PROVIDED DATA:

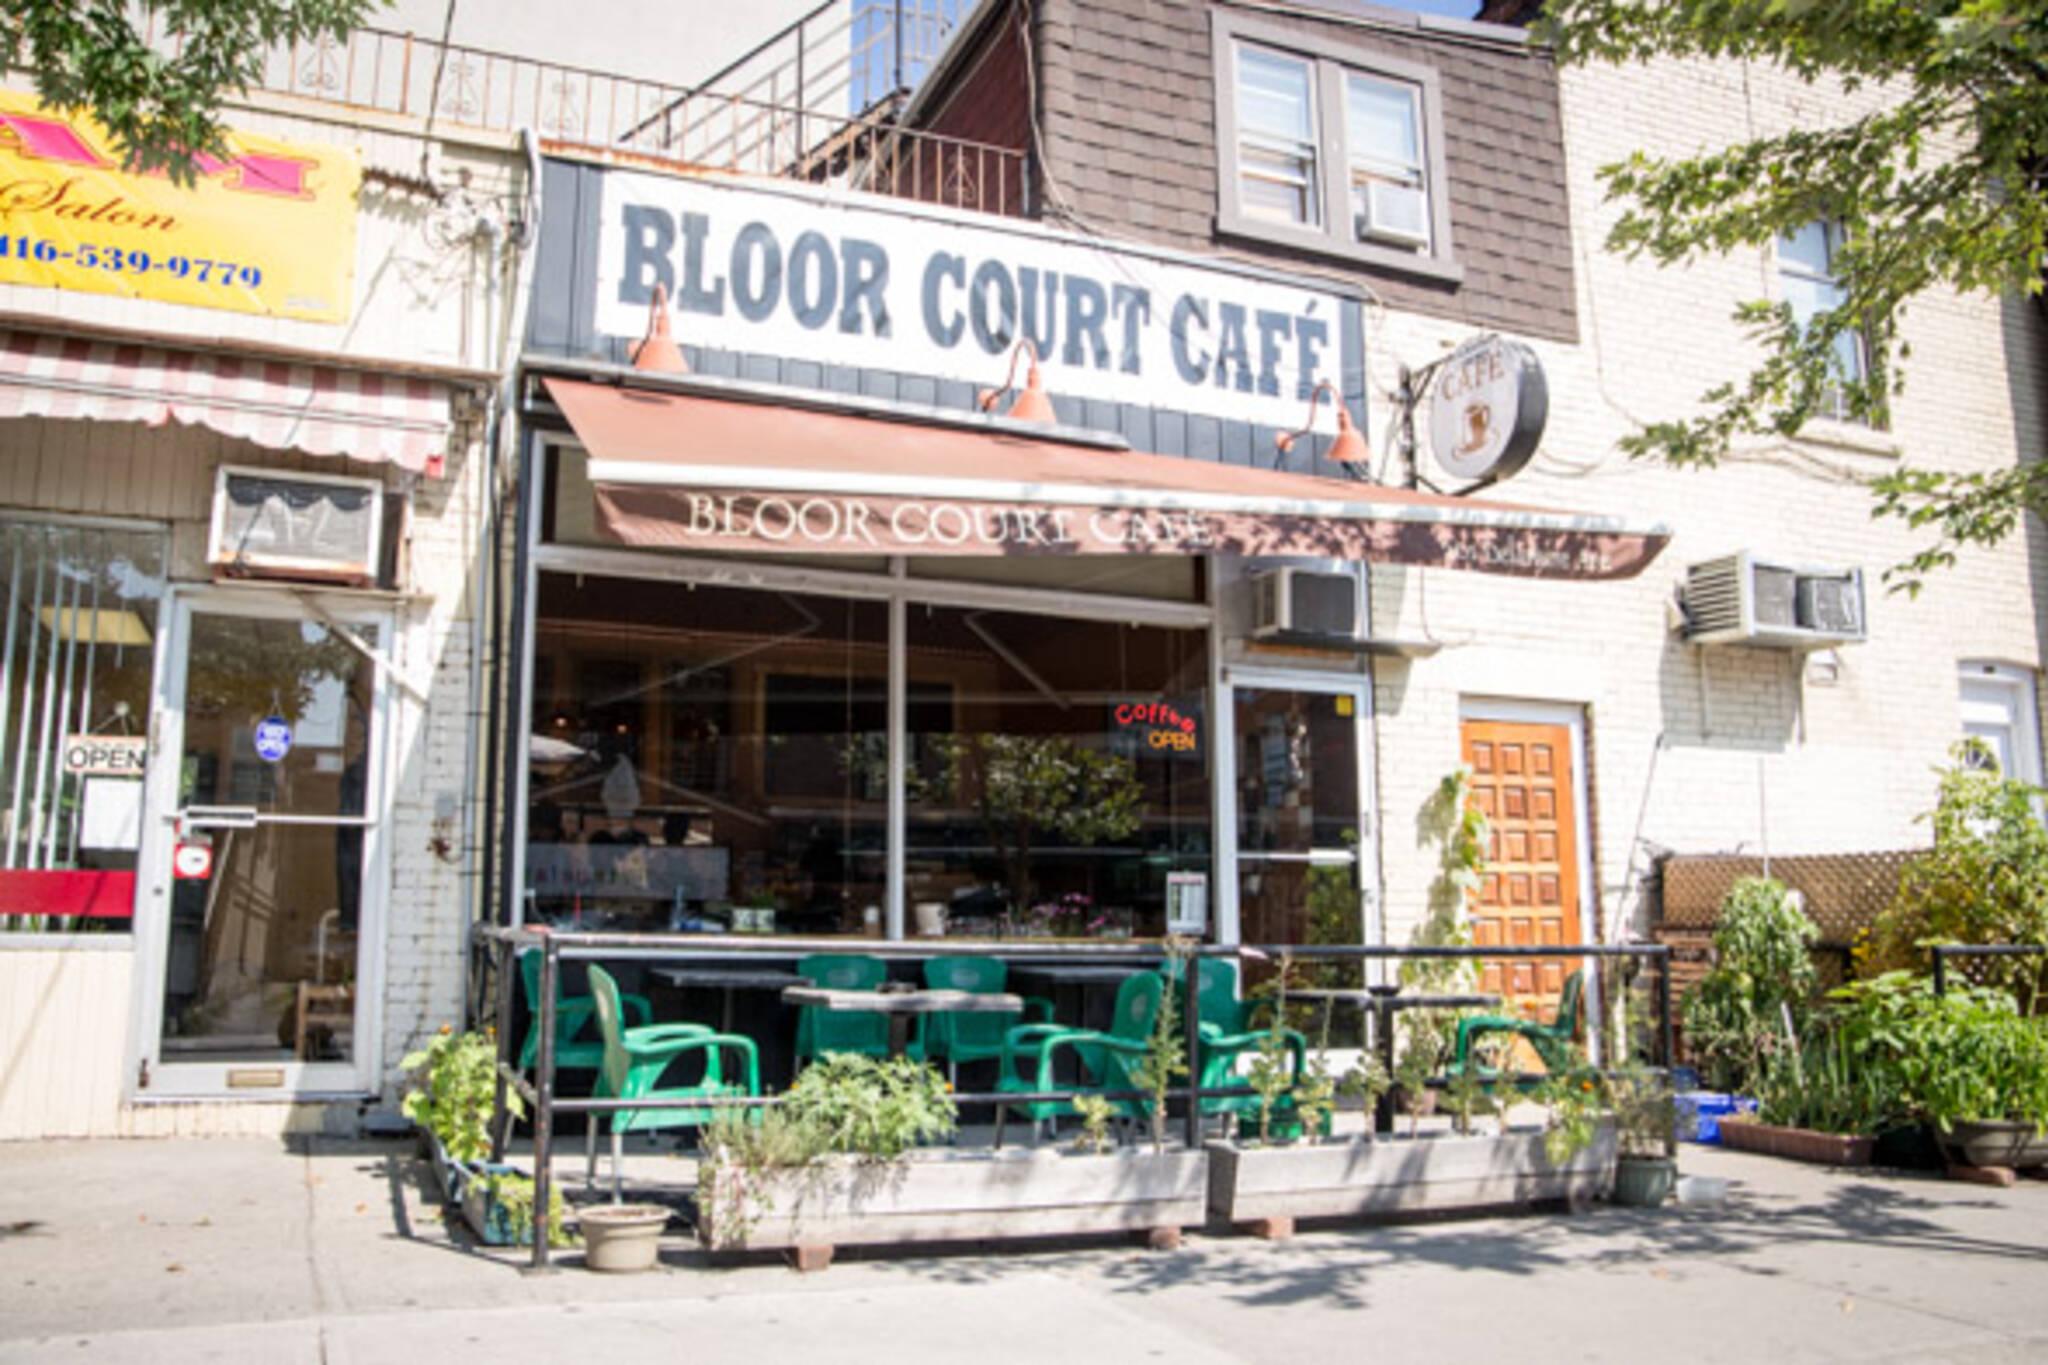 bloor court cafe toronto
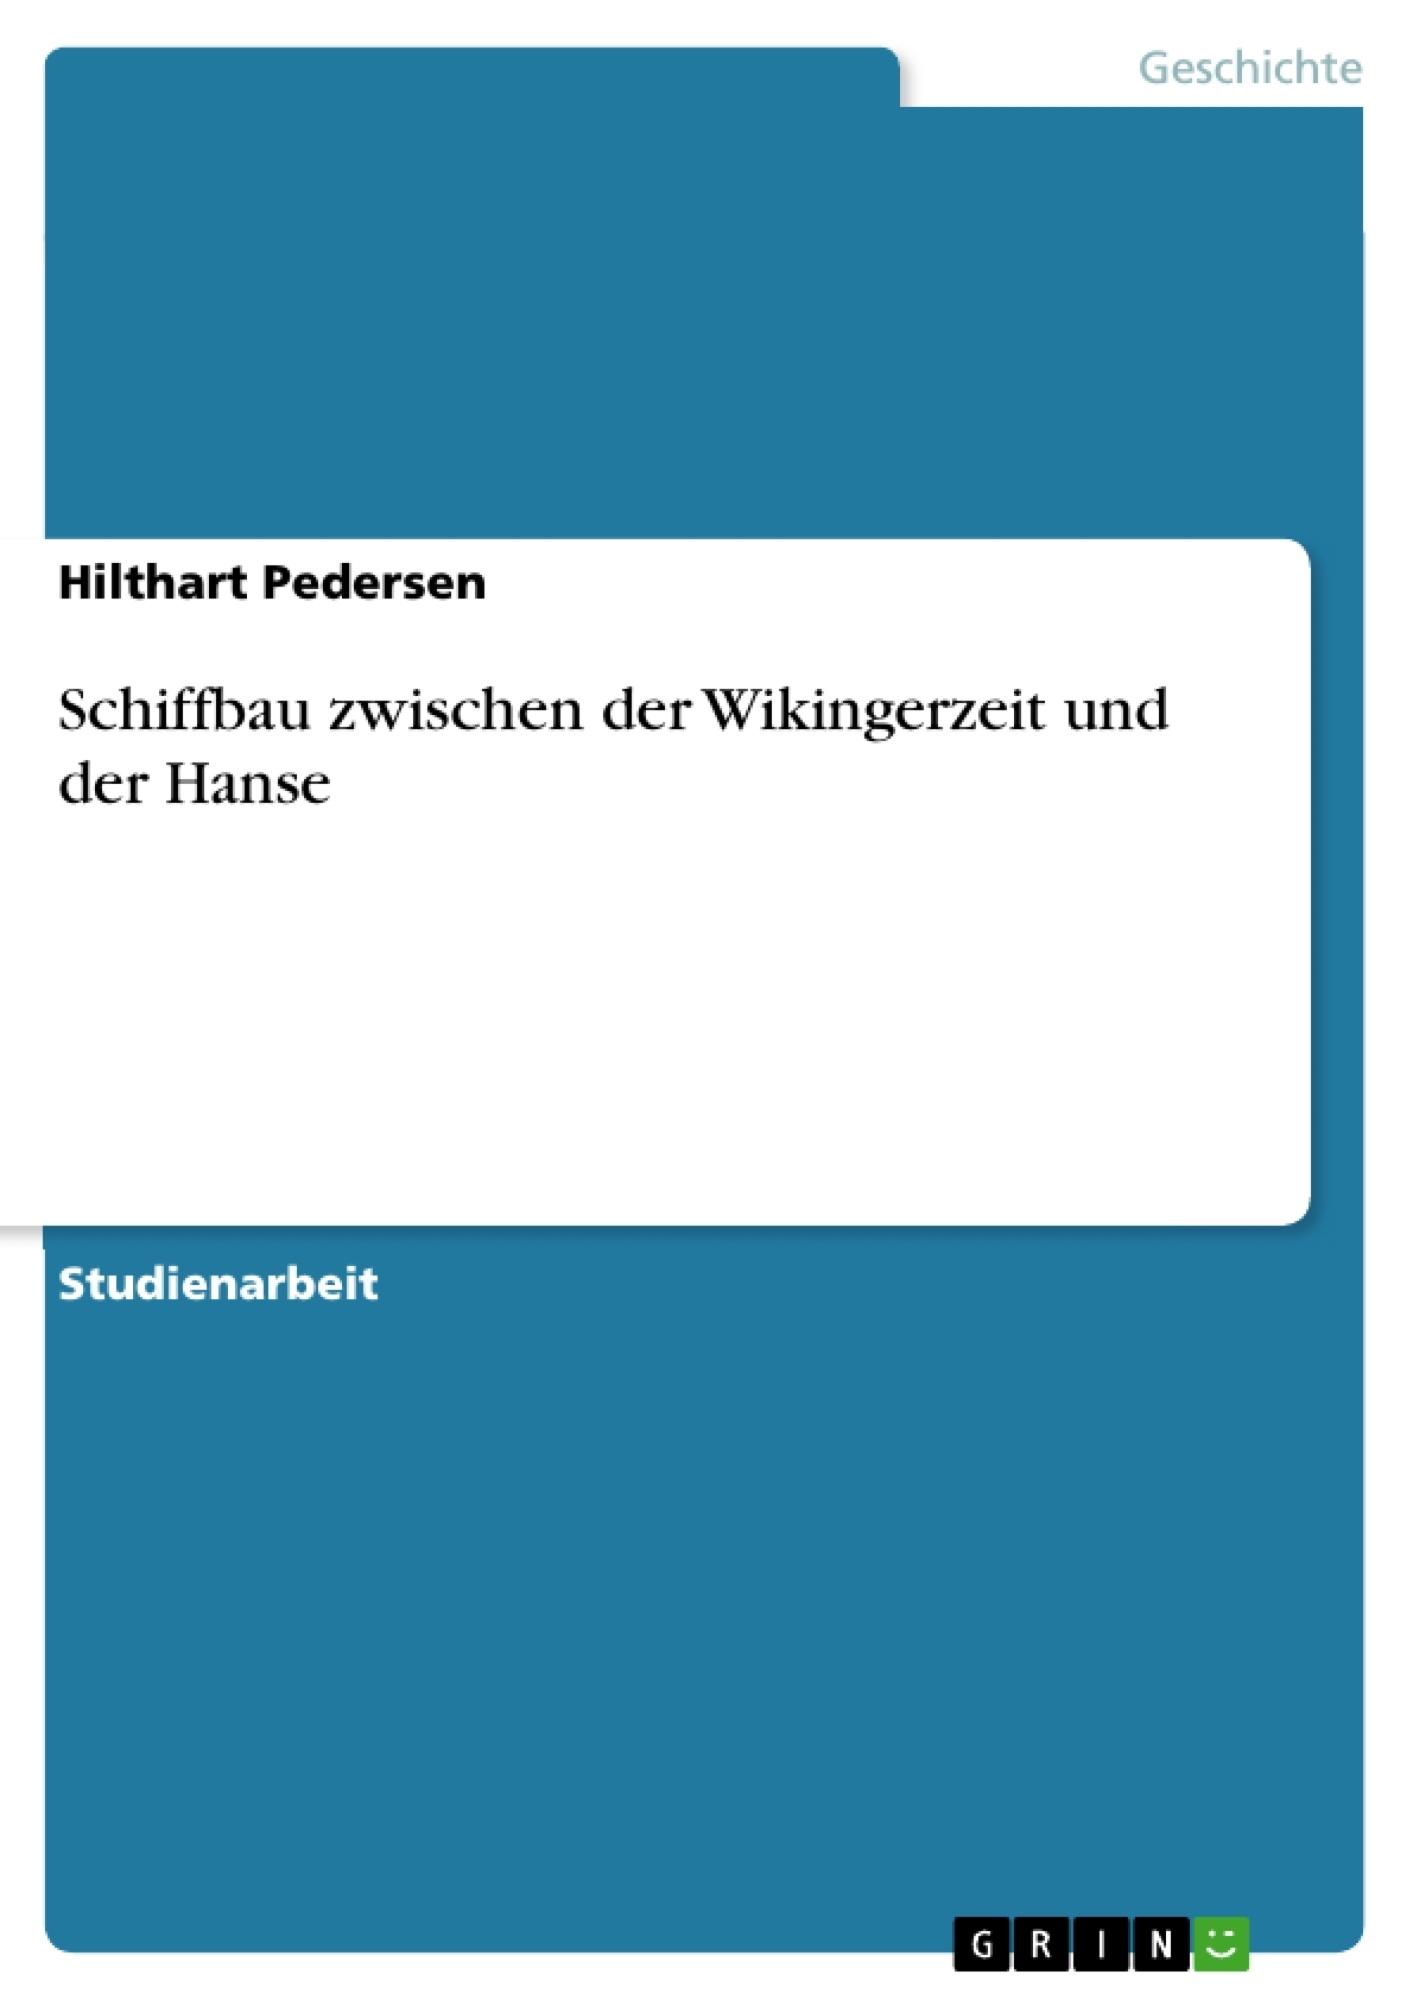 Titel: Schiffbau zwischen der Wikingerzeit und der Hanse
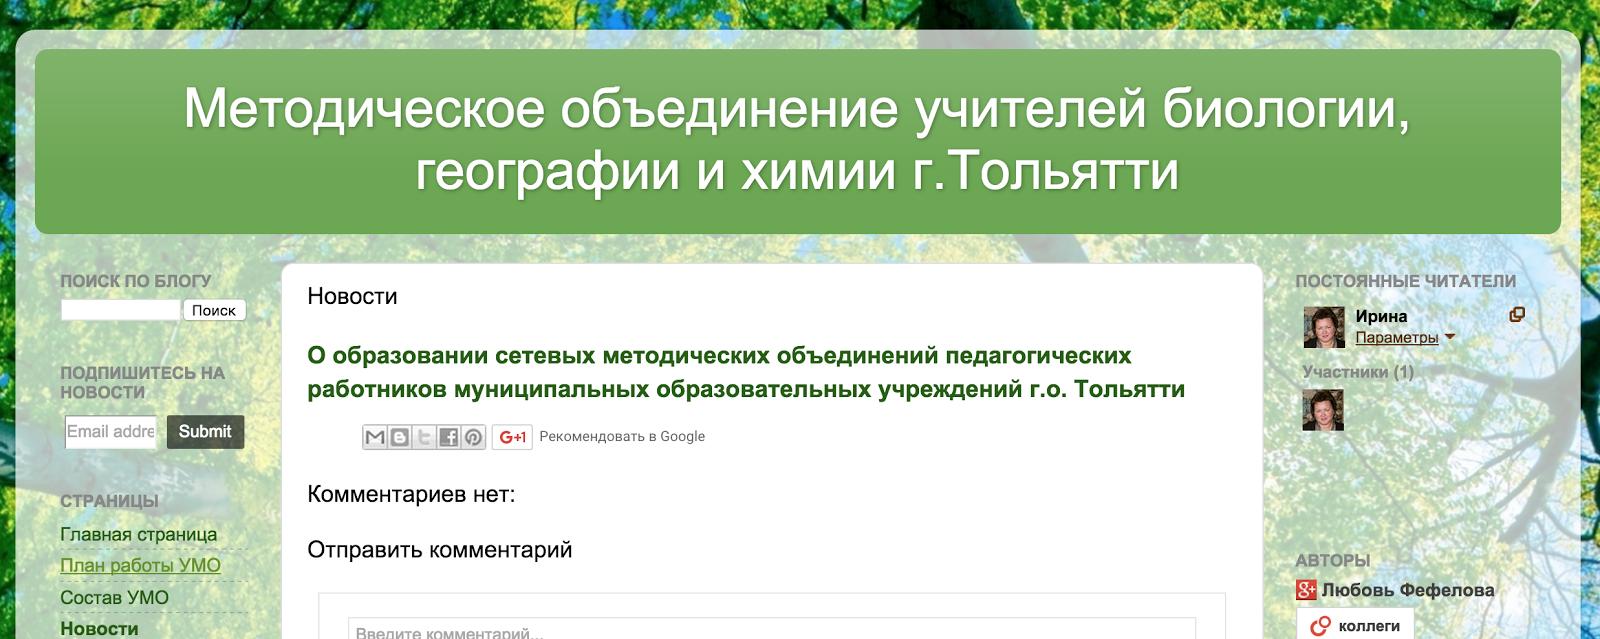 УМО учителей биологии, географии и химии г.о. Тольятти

AIM OF THE EXERCISE:
The material should be returned verbatim, with all images omitted.

REPLY TO THE EXERCISE:
 bloor court cafe toronto
 Titel: Schiffbau zwischen der Wikingerzeit und der Hanse
 УМО учителей биологии, географии и химии г.о. Тольятти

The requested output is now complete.